What are regulations on exclusion of information systems from the List of major national security information systems in Vietnam?
What are regulations on exclusion of information systems from the List of major national security information systems in Vietnam? What are regulations on cooperation in appraising, assessing, and remedying incidents of major national security information system in Vietnam? What are regulations on criteria for regulations, procedures, and methods of ensuring cybersecurity for major national security information systems in Vietnam?
Thank you!
What are regulations on exclusion of information systems from the List of major national security information systems in Vietnam?

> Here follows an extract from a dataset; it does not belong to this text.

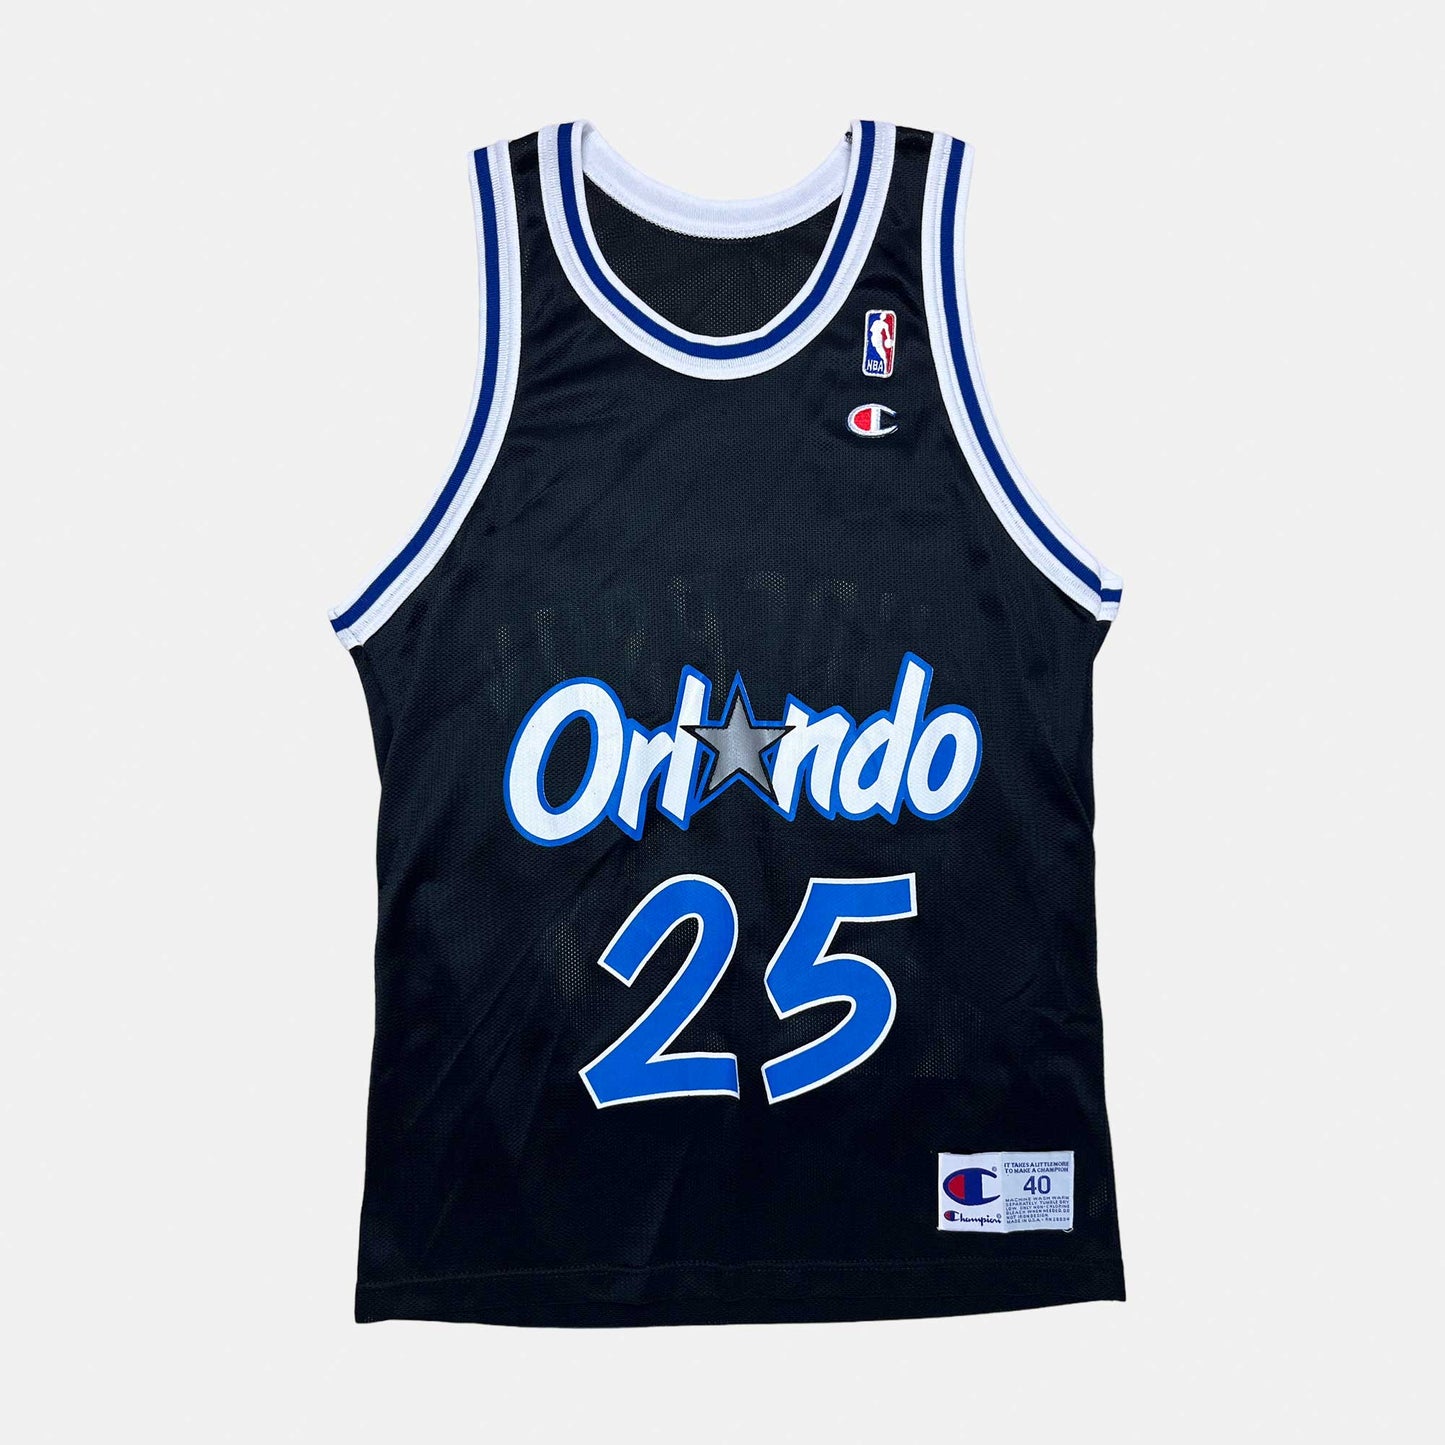 Orlando Magic - Nick Anderson - Größe M / US40 - Champion - NBA Trikot

Pursuant to Article 6 of the Decree 53/2022/NĐ-CP stipulating exclusion of information systems from the List of major national security information systems in Vietnam as follows:
1. The governing body of a major national security information system shall apply for exclusion of such information system from the List of major national security information systems if the governing body detects that such information system fails to satisfy the bases prescribed in Article 3 of this Decree.
2. Annually, cybersecurity protection forces shall, based on their functions and tasks, review and detect information systems that fail to comply with regulations prescribed in Article 3 of this Decree and request the related governing bodies to apply for exclusion of such information systems from the List of major national security information systems.

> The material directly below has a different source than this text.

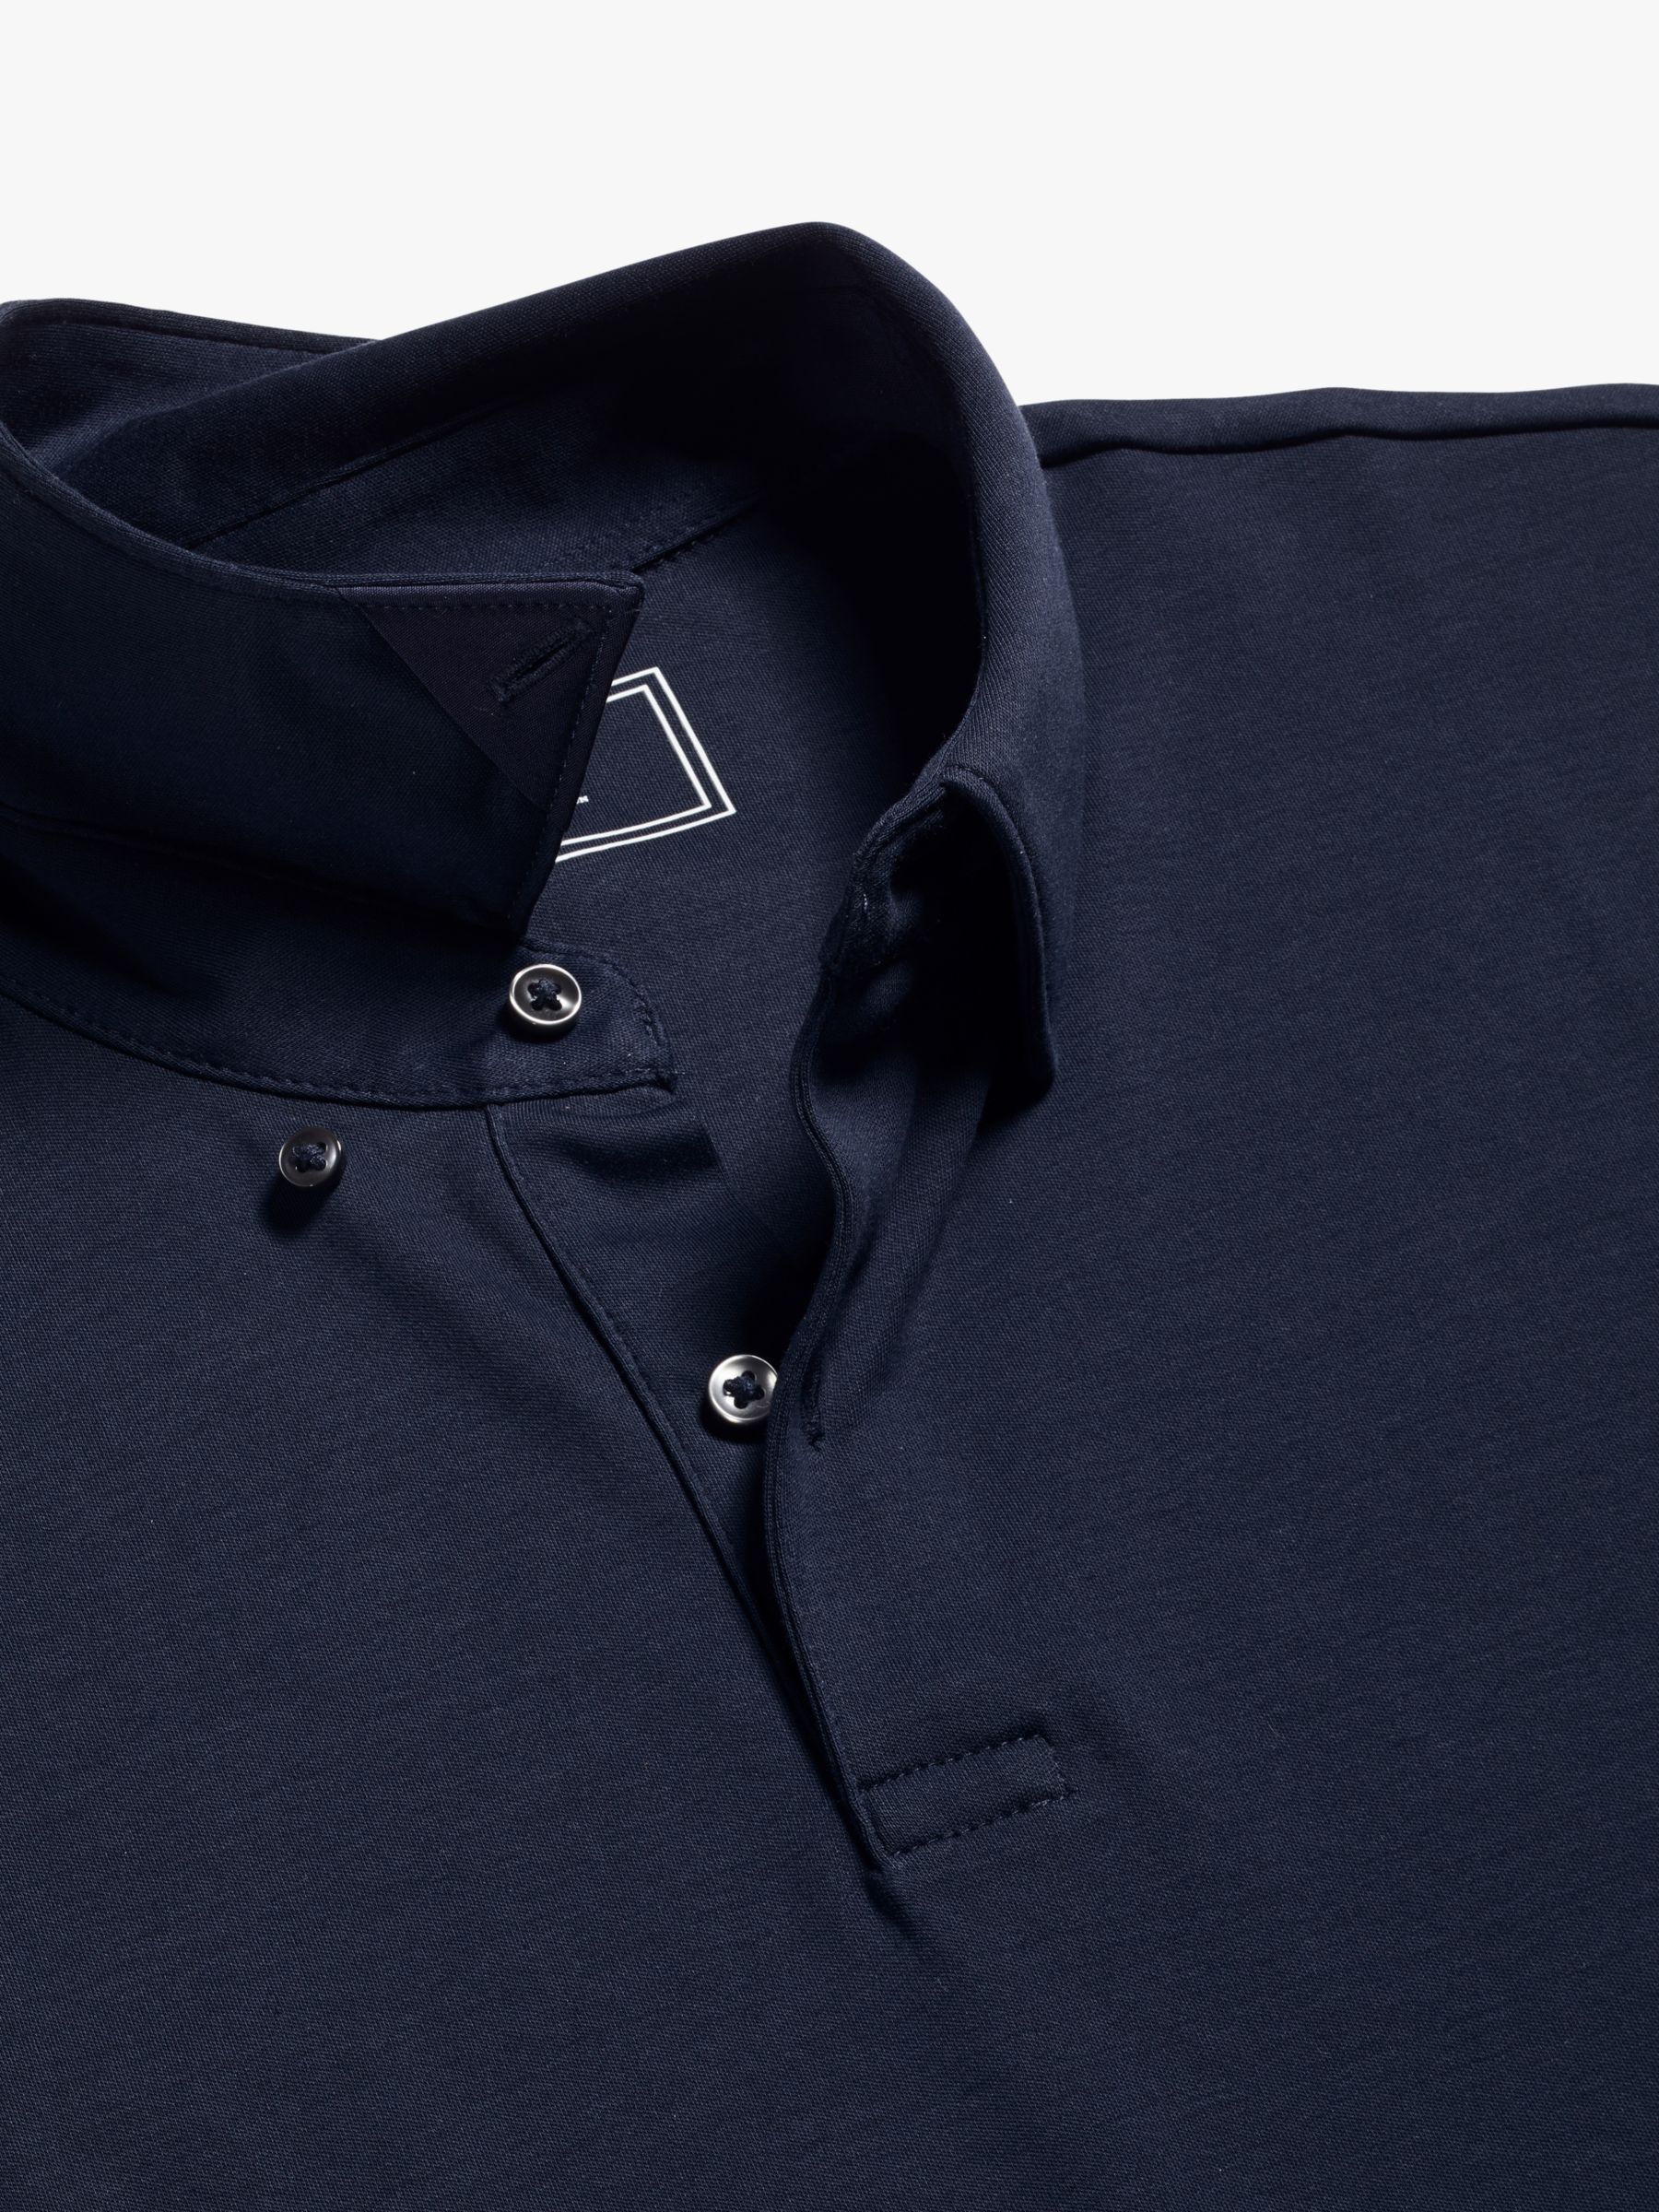 Charles Tyrwhitt Smart Jersey Short Sleeve Polo, Navy Blue, S

3. An application for exclusion of an information system from the List of major national security information systems includes:
a) A written request for exclusion of the information system from the List of major national security information systems (Form No. 5 of the Appendix);
b) Other necessary documents directly related to the application for exclusion of the information system from the List of major national security information systems.
4. Order, procedures, and competency to consider and decide on the exclusion of information systems from the List of major national security information systems shall comply with regulations on the order, procedures, and competency to consider and decide on the inclusion of information systems in the List of major national security information systems.
What are regulations on cooperation in appraising, assessing, and remedying incidents of major national security information system in Vietnam?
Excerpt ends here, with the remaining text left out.